CS 541 Lecture -*- Outline -*-

* Introduction to Grammars and Syntax

** Why study syntax?
*** syntax matters (e.g., compare FORTRAN to LISP to Pascal)
*** tools important for design (as in Algol 60, regularity, etc.)
*** well understood theory (leading to implementation techniques)
*** Need description/documentation (of any user interface)

** Basics
*** Language: set of strings in some alphabet.
                E.g. English (Roman alphabet, phonemes), Ada (ASCII)
                        Common Practice Notation (for music), button pushes...
*** Sentence: a string in a language

** Syntactic descriptions (Grammars, parse trees)

*** History: Algol effort
                Backus presented paper describing Algol 58,
                        using formal notation
                Naur used modified form of Backus's notation
                        for Algol 60 report,
                called BNF (now)

*** Example parse tree
------------------
   A PARSE TREE

                      sentence
                          |
               ___________|__________
              NP                  VP
              |                   |
     _________|____               |
 article         NP              verb
     |           |                |
     |       ____|________        |
     |       adjective   NP       |
     |       |           |        |
    The    little     program    works
---------------------

*** Grammar: rules for parsing (or generating) sentences in a language

**** Example grammar (BNF)
---------------------
Sentence ::= NP VP
NP ::= article NP
NP ::= adjective NP
NP ::= noun
article ::= The
adjective ::= little
noun ::= program
VP ::= verb
verb ::= works
---------------------
**** Parts of grammar:
                nonterminals (or variables): syntactic categories from
                                which strings can be derived
                        -sentence, NP
                terminals: strings from the alphabet.
                        -program, works
			written in typewriter font in the book
			sometimes surrounded by single quotes 
                (note: a symbol cannot be both a terminal and a nonterminal.)
                productions: relationships between strings of
                                nonterminals and terminals.
                        -NP ::= article NP
                start symbol (sentence symbol): name of nonterminal
                                that generates the strings in the language.
                        -sentence
                        conventionally at top of grammar

*** Can be used for generation of sentences too.
                -"program works."
                -"little program works."
                -"The little little program works." etc.

** Kinds of grammars:

*** phrase structure grammar: l.h.s. contains at least 1 nonterminal

                        S ::= A B C
                        A ::= a
                      a B ::= b
                        C ::= c
                generates as follows
                        S = ABC = aBC = bC = bc

                -can describe all languages (Church's thesis)
*** context sensitive
	  rules have forms:
          (1)           \alpha A \gamma ::= \alpha \beta \gamma
                where \alpha, \beta and \gamma are strings of symbols
                        and \beta is nonempty.
                        (\alpha and \gamma are the context)
          (2)           sentence  ::=
                and if this second rule occurs, sentence does not appear
                        on the right hand side.
                        S ::= A B C
                    A B ::= A b C
                      b C ::= b c c
                      A b ::= a a b
                        A ::= a
                      c C ::= c c
                 generates as follows:
                    ABC = AbCC = AbccC = Abccc = abccc
                    (other order:
                    ABC = AbCC = abCC = abccC = abccc)
                    ABC = aBC
                    ABC = AbCC = aabCC = aabccC = aabccc
                -can describe conditions such as declarations matching uses.
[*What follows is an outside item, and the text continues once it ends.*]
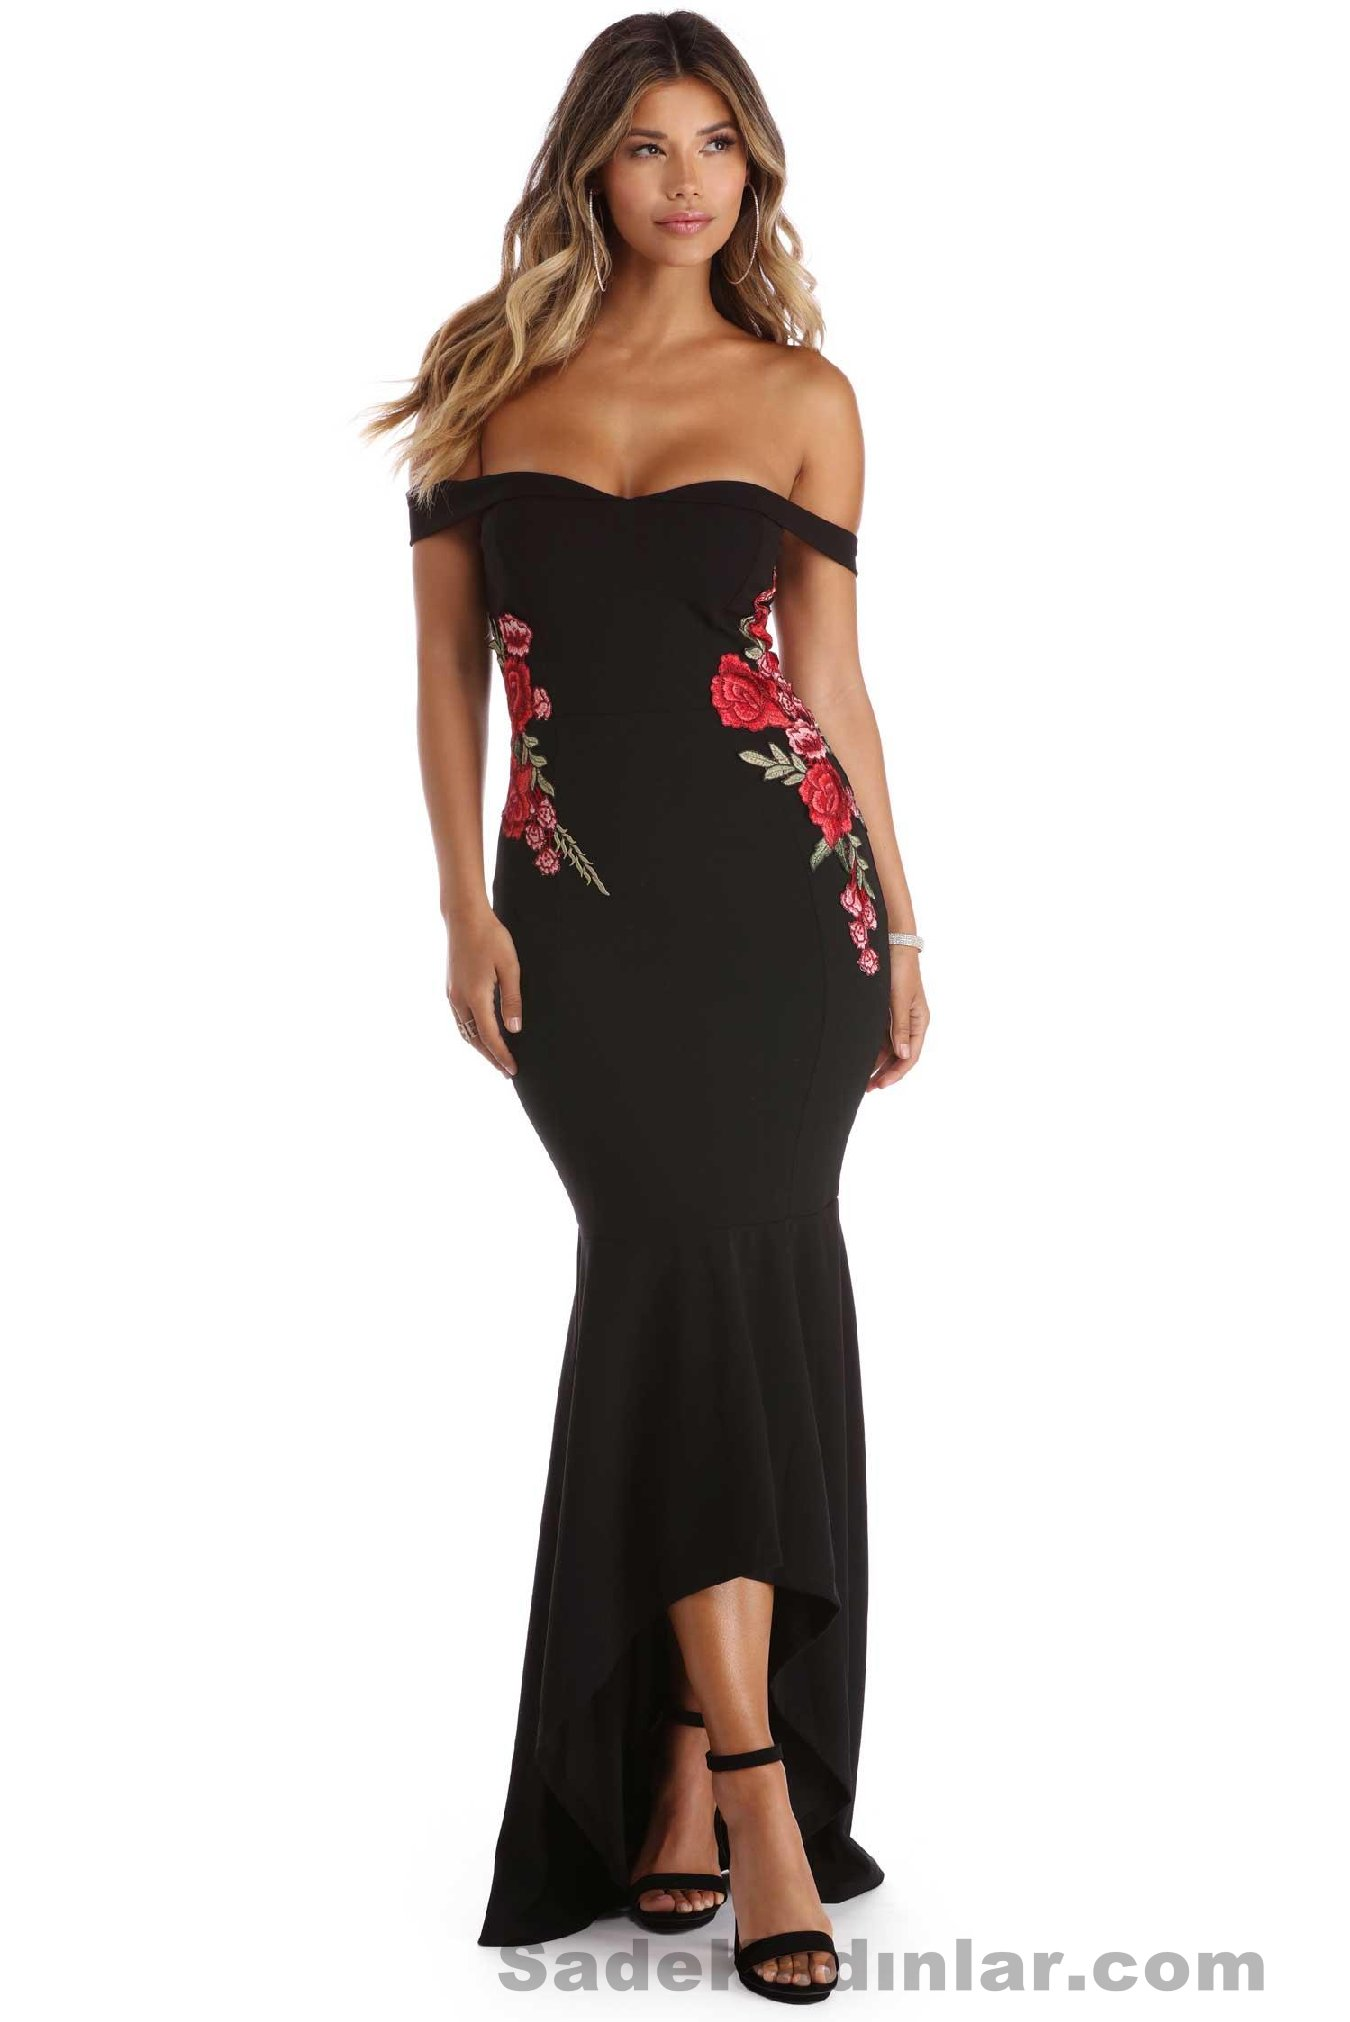 Silvester Kleider 2018 | Kleid & Kleidung

*** context-free: rules have only one nonterminal on left-hand side.
                -important because can draw parse (derivation) trees
                -can describe matching constructs (e.g., formulas, parentheses)
                -can express nesting through recursion
---------------------
   A CONTEXT-FREE GRAMMAR
statement ::= assign
statement ::= compound
assign ::= x <- y
compound ::= begin statement list end
statement-list ::= statement
statement-list ::= statement ;
                   statement-list
---------------------
**** BNF (Backus Naur form or Backus Normal form)
                (particular convention of context-free)
                        four meta characters   ::= |.
                        nonterminals historically denoted: <some string>,
				but we use some-string
                        replacement operator: ::=
                        or symbol: |
	    Examples of BNF
-------------------
    A BNF GRAMMAR

A ::= () | ( A )

This generates "()", "(())", ...
-------------------
            -customary to only use | for or, not separate listings

***	linear: productions have a terminal on either end
           (1)          A ::= u B v
           or (2)       A ::= u
                where u and v are strings of terminals (possibly empty)
                -not important for us except as intro to...
***      right linear: one terminal, may be followed by a nonterminal
                E.g., A ::= a | a A
                (generates "a", "aa", ...)
***      left linear: rules of form A ::= B v | u
                -these are equivalent, can describe anything finite,
                        simple patterns (regular sets)

** Kinds of languages:
        Def: A language is context-free if there is a context free grammar that
                generates it.
        Def: A language is regular if there is a right-linear (or left-linear)
                grammar that generates it.

-------------------------
  Containment of language types:
  ________________________________________
  |           recursively-enumerable     |
  |   _________________________________  |
  |   |         context-sensitive     |  |
  |   |   __________________________| |  |
  |   |   |      context-free       | |  |
  |   |   |  __________________     | |  |
  |   |   |  |     regular    |     | |  |
  ________________________________________


Different approximations to
      a programming language:

  ________________________________________
  |          strings of legal tokens     |
  |   _________________________________  |
  |   |       syntactically correct   |  |
  |   |   __________________________| |  |
  |   |   |    statically correct   | |  |
  |   |   |  __________________     | |  |
  |   |   |  |  dynamically ok|     | |  |
  ________________________________________

------------------------
        Typically describe syntax of programming langauge using two grammars
                (for compilation, but not necessarily for user's manual)
        lexical syntax: syntax of tokens such as identifiers, numbers, etc.
        context-free syntax: syntax not taking into account
                consistency checking (e.g., variables declared)


Quiz on the above (leads into regular expressions):
	1. Describe the languages generated by the following grammars
	    a.	S ::= 1 | 1 S
	    b.  S ::= 0 | 0 S | 1 S
	    c.  S ::= 1 S 1 | 0

	2. Consider the following grammar:
 	re ::= char
	  | \epsilon
	  | re re
	  | re '|' re
	  | re *
	  | re +
	  | ( re )
	char ::= x | y | z

	For each of the following strings, answer whether it is a sentence
		in the language generated by the above grammar
	    a. xyz
	    b. (x|y)*
	    c. x||y*
	    d. x+y
	    e. ((x+)y|\epsilon)